在城市环境中，行人安全是决定先进驾驶辅助系统（ADAS）和自动驾驶汽车等尖端技术准确性和有效性的关键指标。然而，这些技术的部署引入了各种限制，特别是包括处理板的计算资源。因此，构建一个鲁棒的行人检测系统需要在性能和计算复杂度之间取得微妙的平衡。在这项研究中，我们提出了一种专门为行人检测量身定制的轻量级卷积神经网络（CNN）模型的开发。使用基于多目标遗传算法（NSGA-II）的网络搜索引擎和定制策略对模型的主干架构进行精细搜索。值得注意的是，我们将搜索空间从中央处理单元转移到多处理器片上系统（MPSoC）设备，以符合实际应用的实际考虑。我们提出的模型利用了路径聚合架构和轻量级主干设计。核心概念围绕着通过最短路径将高语义特征从网络的底部有效地转移到网络的顶部，从而在不引入过度计算复杂性的情况下提高检测率。为了确保与有限内存的嵌入式设备兼容，所提出的模型通过量化和修剪技术进行压缩。为了进行严格的评估，我们在赛灵思ZCU 102板上测试了行人检测模型，利用卡尔斯鲁厄理工学院和丰田理工学院（KITTI）的数据集进行训练和评估。报告的结果证实了我们提出的模型的有效性，拥有93.6%的平均精度（mAP）以及令人称道的每秒13帧（FPS）的处理速度。这些结果强调了所提出的模型对现实场景的适用性，在现实场景中，确保高水平的安全性仍然是至关重要的。

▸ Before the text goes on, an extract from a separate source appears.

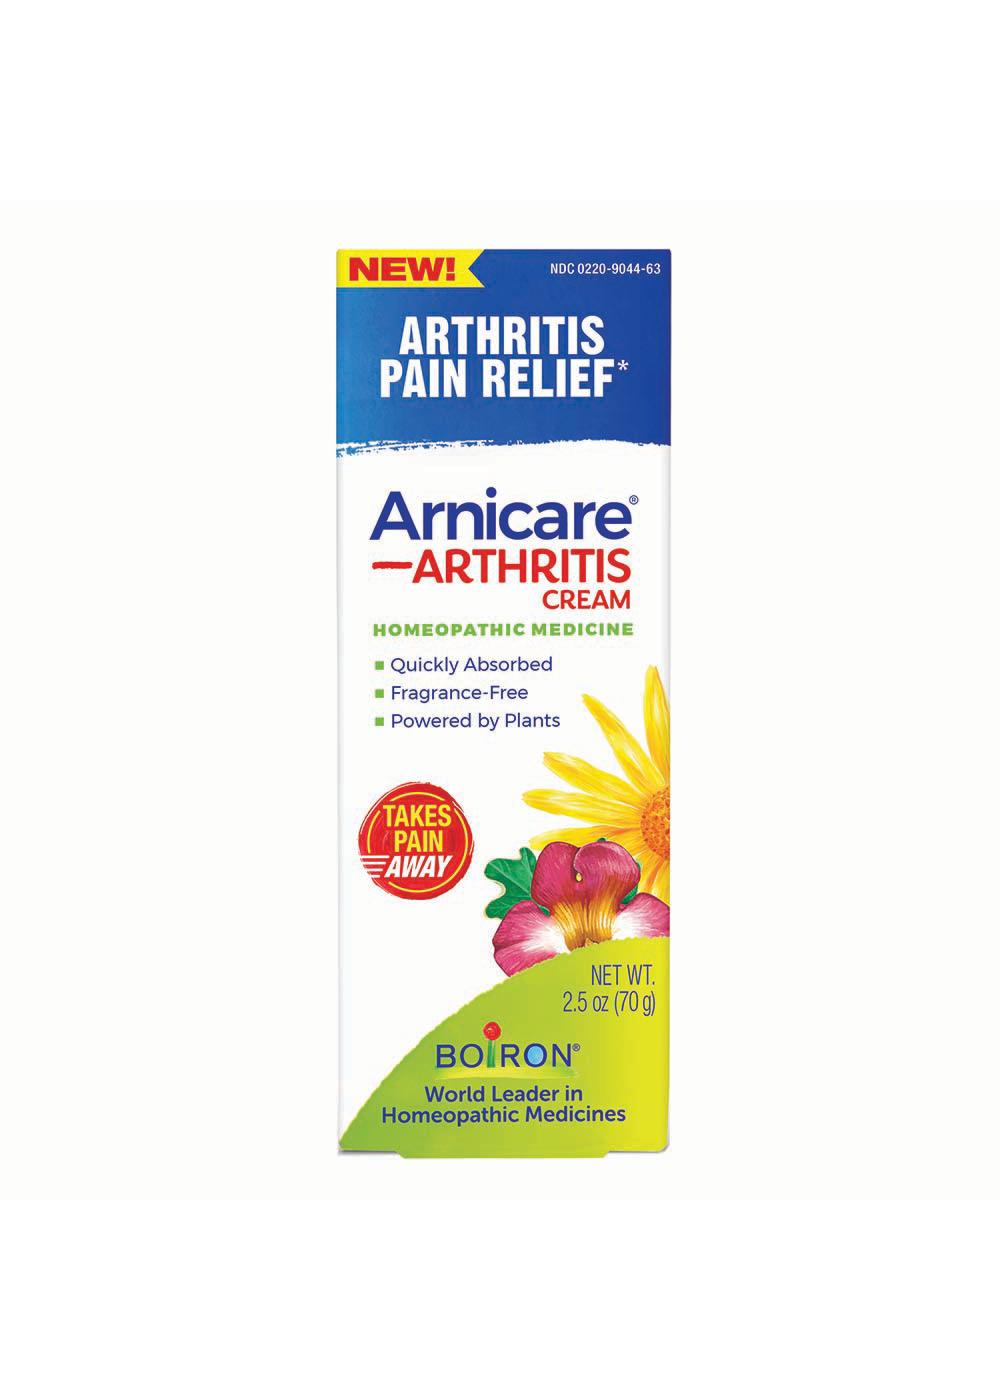 Arnicare Arthritis Cream; image 1 of 2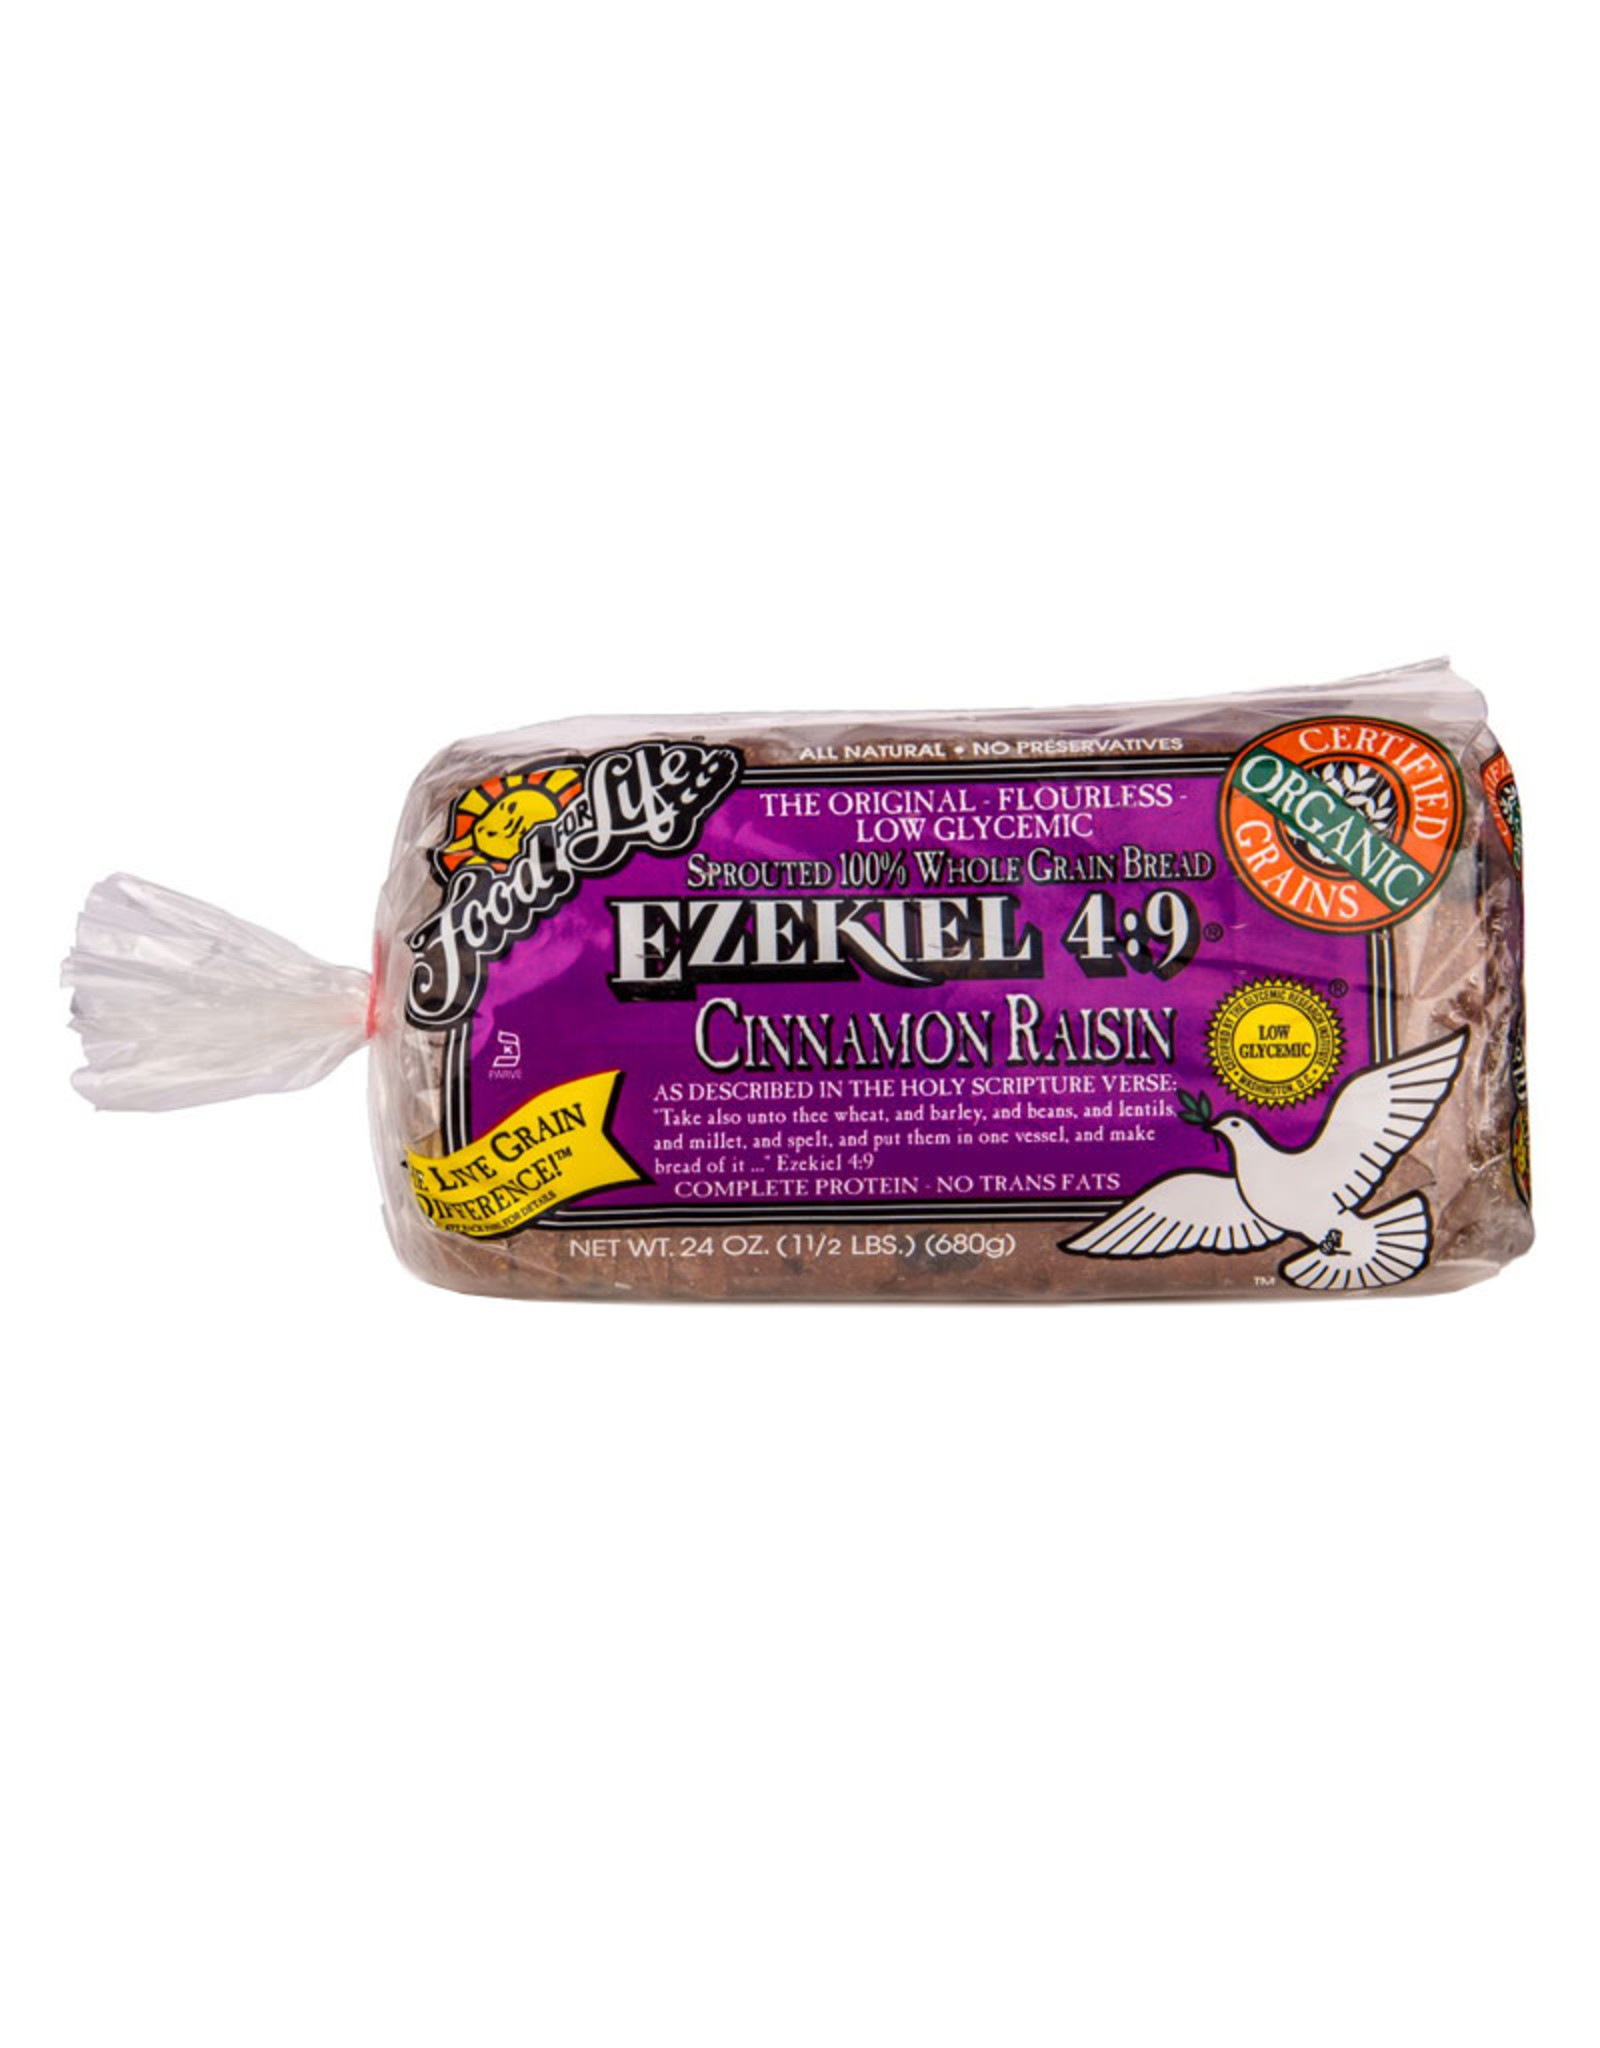 Food For Life FFL - Ezekiel 4:9 Bread, Cinnamon Raisin

本文章由计算机程序翻译，如有差异，请以英文原文为准。

求助全文

约1分钟内获得全文求助全文

来源期刊

Journal of Parallel and Distributed Computing 工程技术-计算机：理论方法

CiteScore

10.30

自引率

2.60%

发文量

172

审稿时长

12 months

期刊介绍： This international journal is directed to researchers, engineers, educators, managers, programmers, and users of computers who have particular interests in parallel processing and/or distributed computing. The Journal of Parallel and Distributed Computing publishes original research papers and timely review articles on the theory, design, evaluation, and use of parallel and/or distributed computing systems. The journal also features special issues on these topics; again covering the full range from the design to the use of our targeted systems.